All lighthearted problem solving and proactive eventuality planning aside, water conservation is serious to the point of being grave. If you don’t yet see it that way, perhaps Robert Traydon’s vision of Day Zero — the day Capetonians run out of water — is the reality check you need.
My aim is to leave you feeling hopeful and empowered rather than disheartened.
Living this way has shown me that we can make do with less. More importantly it’s given me a deep appreciation and humility towards a resource that cannot sustain us if we don’t sustain ourselves.
Of course we all wish that our dams were overflowing with abundant, healthy water. But in the face of imminent shortages, anger will not serves us.
All we can do is apply ourselves to be practical and purposeful with our water consumption, appreciating every drop along the way. And maybe do the odd rain dance jigg when no one’s watching. Heck do it while they’re watching. They’ll probably join you.

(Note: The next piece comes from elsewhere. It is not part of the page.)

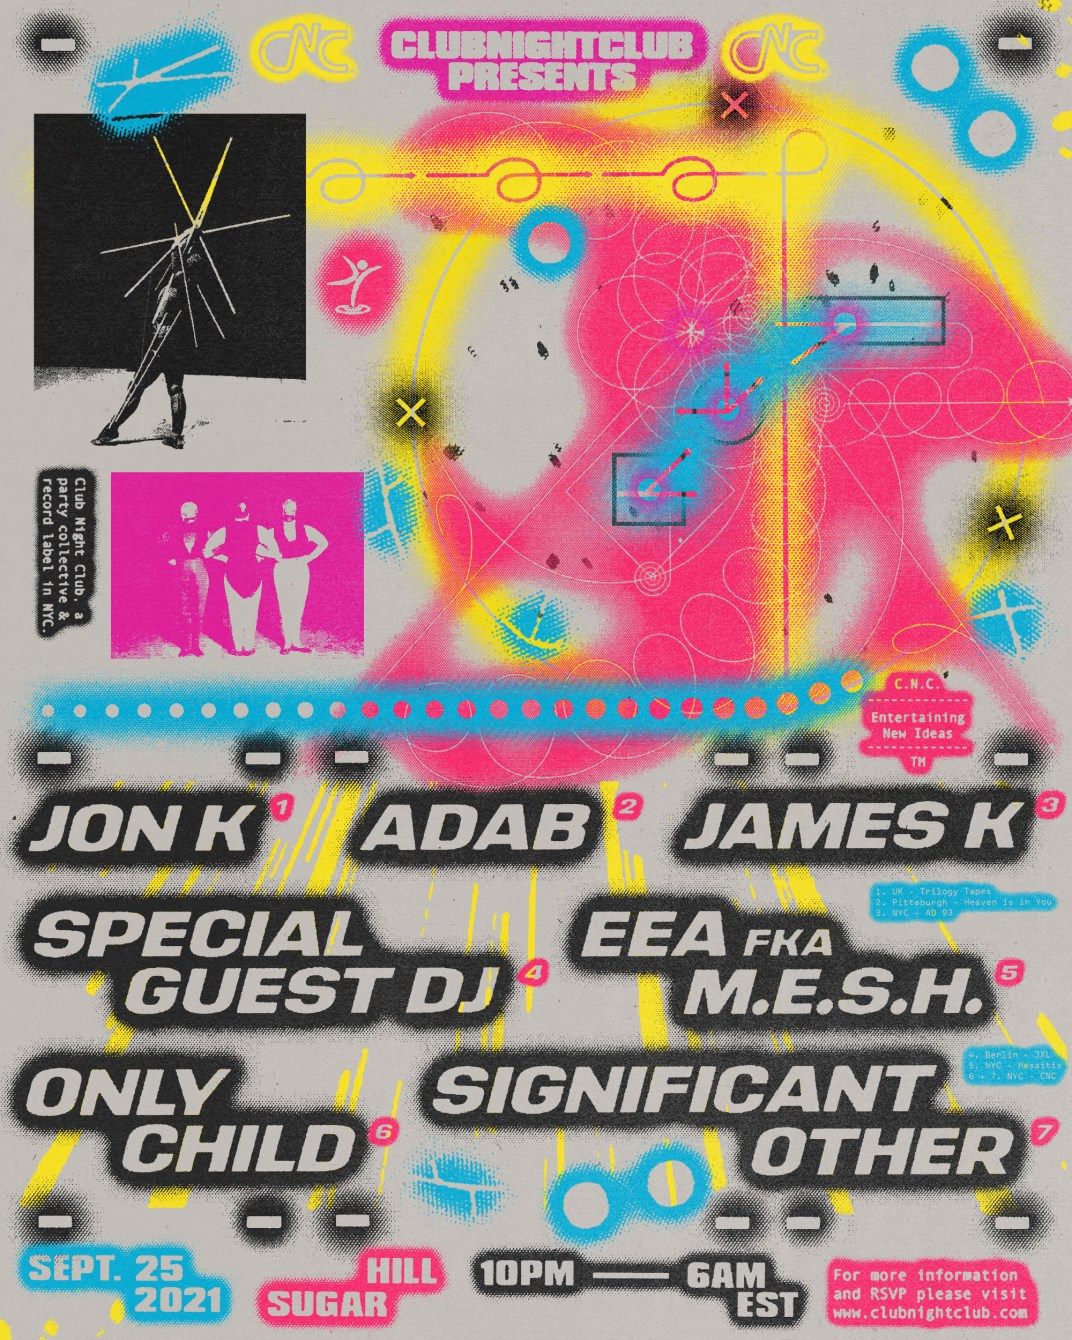 Club Night Club: Jon K, EEA (M.E.S.H.), Adab, James K - Flyer front

Written by Andrea Fedder (also published on medium.com)
Instagram (@andreafedder)
KB
Posted at 04:24h, 02 JuneMost washing machines take about 40l-90l a load, you can google your make online to find out.
Andrea Fedder
Posted at 08:33h, 05 JuneYes, it is best to know your exact make before pursuing with the general guidelines. Good tip KB!
Peta Steyn
Posted at 19:02h, 03 JuneBuy an egg boiler. You can cook 7 eggs perfectly with about 25ml of water. Use stackable steaming pots and make lots of stews with a pressure cooker. Wear trousers 2 or 3 times if they didn’t get dirty and tumble towels so they dry better in the cool weather and don’t need frequent washing. Stretch washes on bedding by even one extra week longer than you normally do. Load your machine a bit heavier than normal with washing and always avoid half loads of washing.
Andrea Fedder
Posted at 08:32h, 05 JuneAn egg boiler is a great tip too – thanks Peta!
Diana Studer
Posted at 20:48h, 04 JuneMy front loader uses 66 litres and a top loader uses MUCH more.

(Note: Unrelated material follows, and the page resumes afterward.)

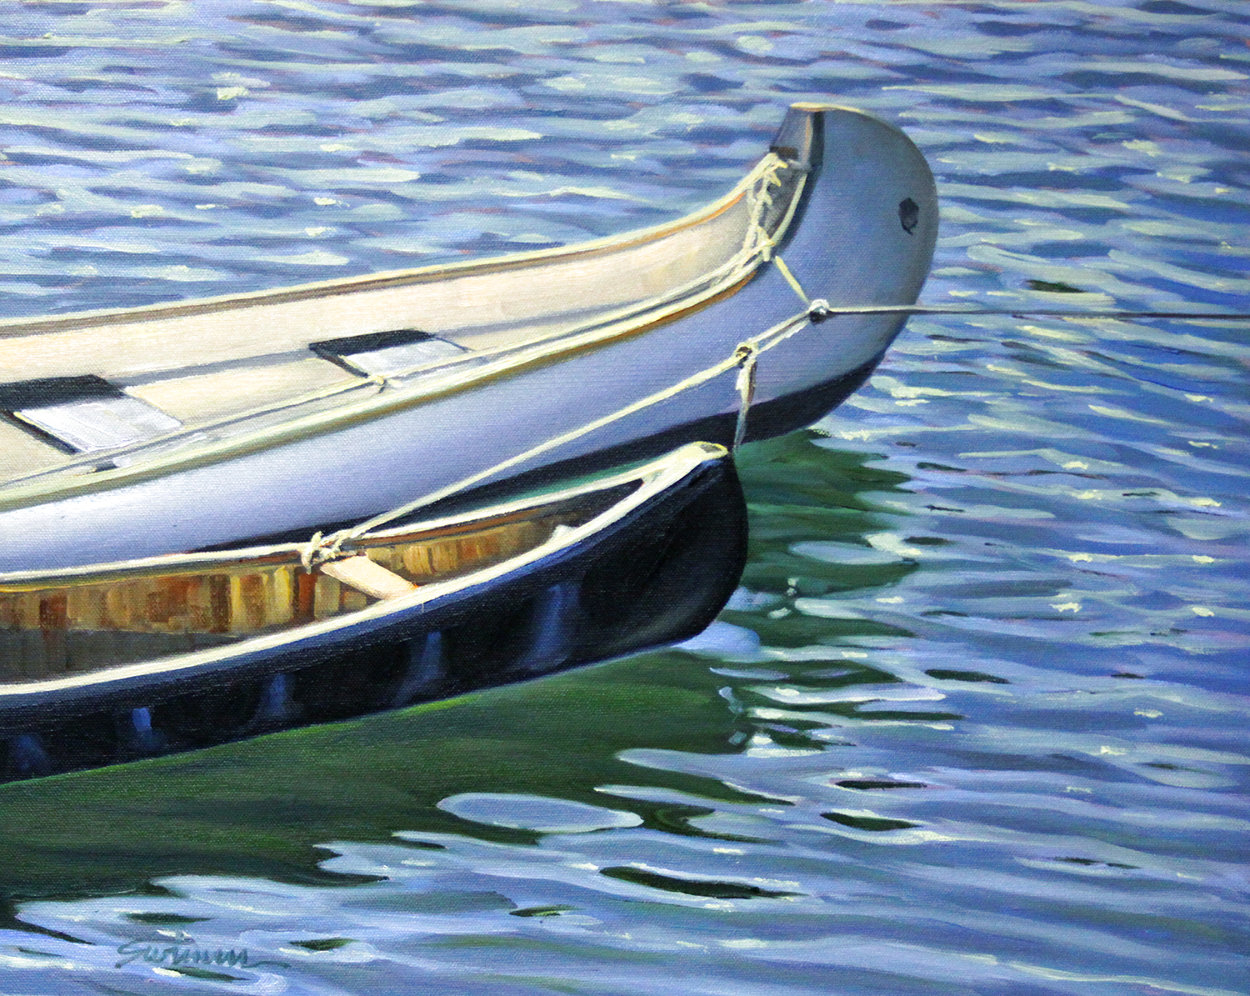 Canoe Reflections 2022 18x22 Original Painting by Tom Swimm

Our tap water is still safe to drink without boiling. Sad to encourage people to boil water (and push us towards power loadshedding this winter) if it isn’t necessary.
Andrea Fedder
Posted at 08:30h, 05 JuneIt is sad indeed to require boiling water – but I think it becomes a personal judgement call on whether you feel it is necessary in your area depending on how your tap water tastes. For those cooking on gas it doesn’t place any strain on the grid.
Wendy
Posted at 12:52h, 21 JuneVery thoughtful article – only thing is my washing machine is a 13kg top loader and it uses 80L of water for a medium quick (eco) wash…. That’s a LOT of water! I do recycle the water for 3 loads of washing and it’s a back breaking job but I do it because we have to save water!